Google has both of those, especially if you use Gmail. If you use Gmail for chatting, they know even more. If you’re logged into Gmail when you surf, they have tons of data on your searching habits. Google knows your contacts and interests if you use Gmail, and many, many people do.

Now, if they were to work with the spammers, what would be in it for each of them? Well, for the spammers, they’d get what they needed…the info listed above that improves their chances of getting you to read their spam. Ok, that one works out, but what’s in it for Google?

How about some key information on how to block most spam? I don’t mean this hit & miss Bayesian crap, I mean some key piece of information the rest of us aren’t aware of. Or, how about they simply say hey…we still need to send you spam or people will get suspicious, but any spam we send you, you’ll be able to detect because it’ll have *this* in it.

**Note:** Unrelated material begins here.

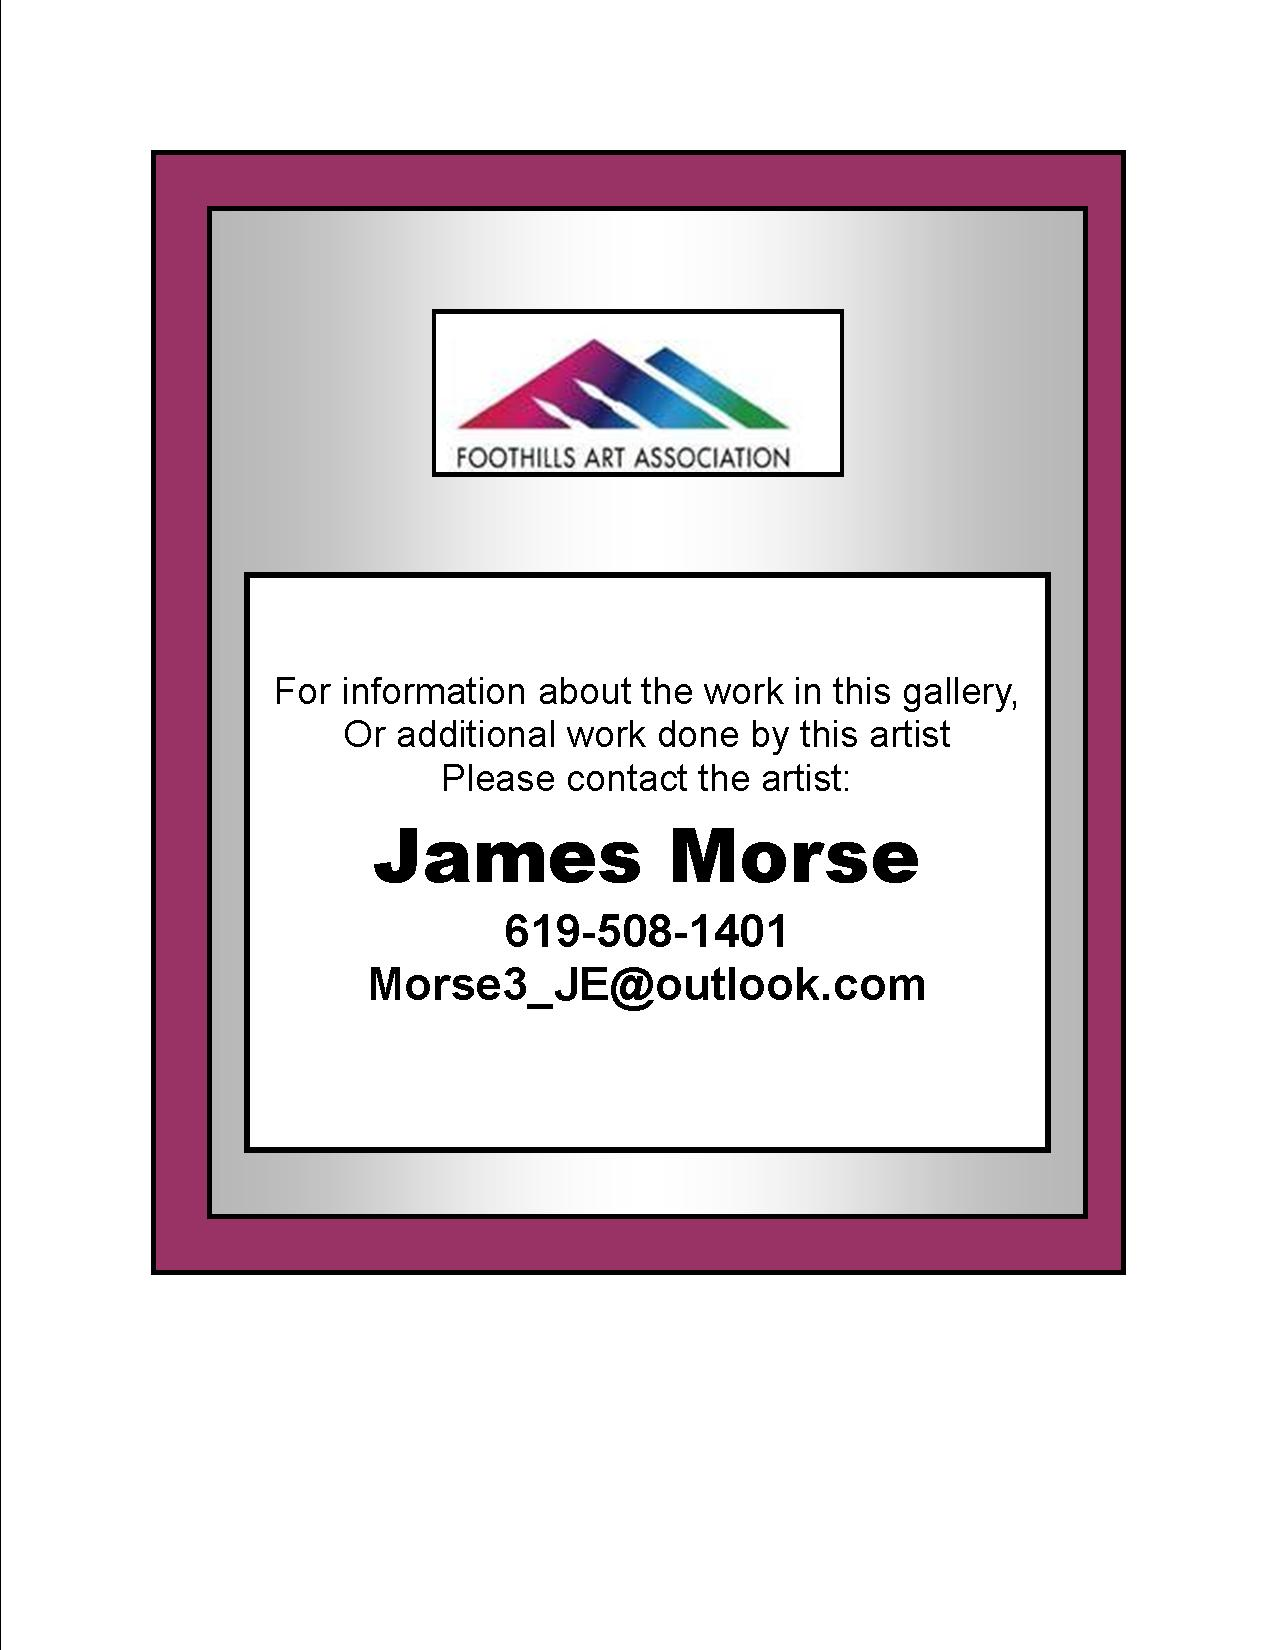 James Morse - Info

Seems plausible to me. Google gets a piece of the pie when someone clicks on spam Google provided the inside information for, and the spammers get a warehouse of information on 85% of the internet population.

Spammer: Sue Me. Email Recipient: Ok…

March 13, 2007

There’s a Scottish saying, “They that dance must pay the fiddler.” Now it seems there should be another: “They that spam must pay the Scot”. Fed up with the daily deluge of spam he received, Gordon Dick of Edinburgh, Scotland, decided to sue one of his inbox invaders–and won.”

Full Story

Operation Spamalot

March 8, 2007

“The Securities and Exchange Commission on Thursday suspended trading in 35 companies whose shares were touted in e-mail spam campaigns.

The SEC said it took the action to protect investors from fraud, because the accuracy of information in e-mails about the companies was questionable. The SEC did not identify who had sent the e-mails or say whether any of the companies was responsible.

E-mails heralded with messages such as “Ready to Explode,” “Ride the Bull” and “Fast Money” clog people’s inboxes — an estimated 100 million of them a week — and spark dramatic spikes in trading and stock prices before the spamming stops and investors lose their money, the SEC said.”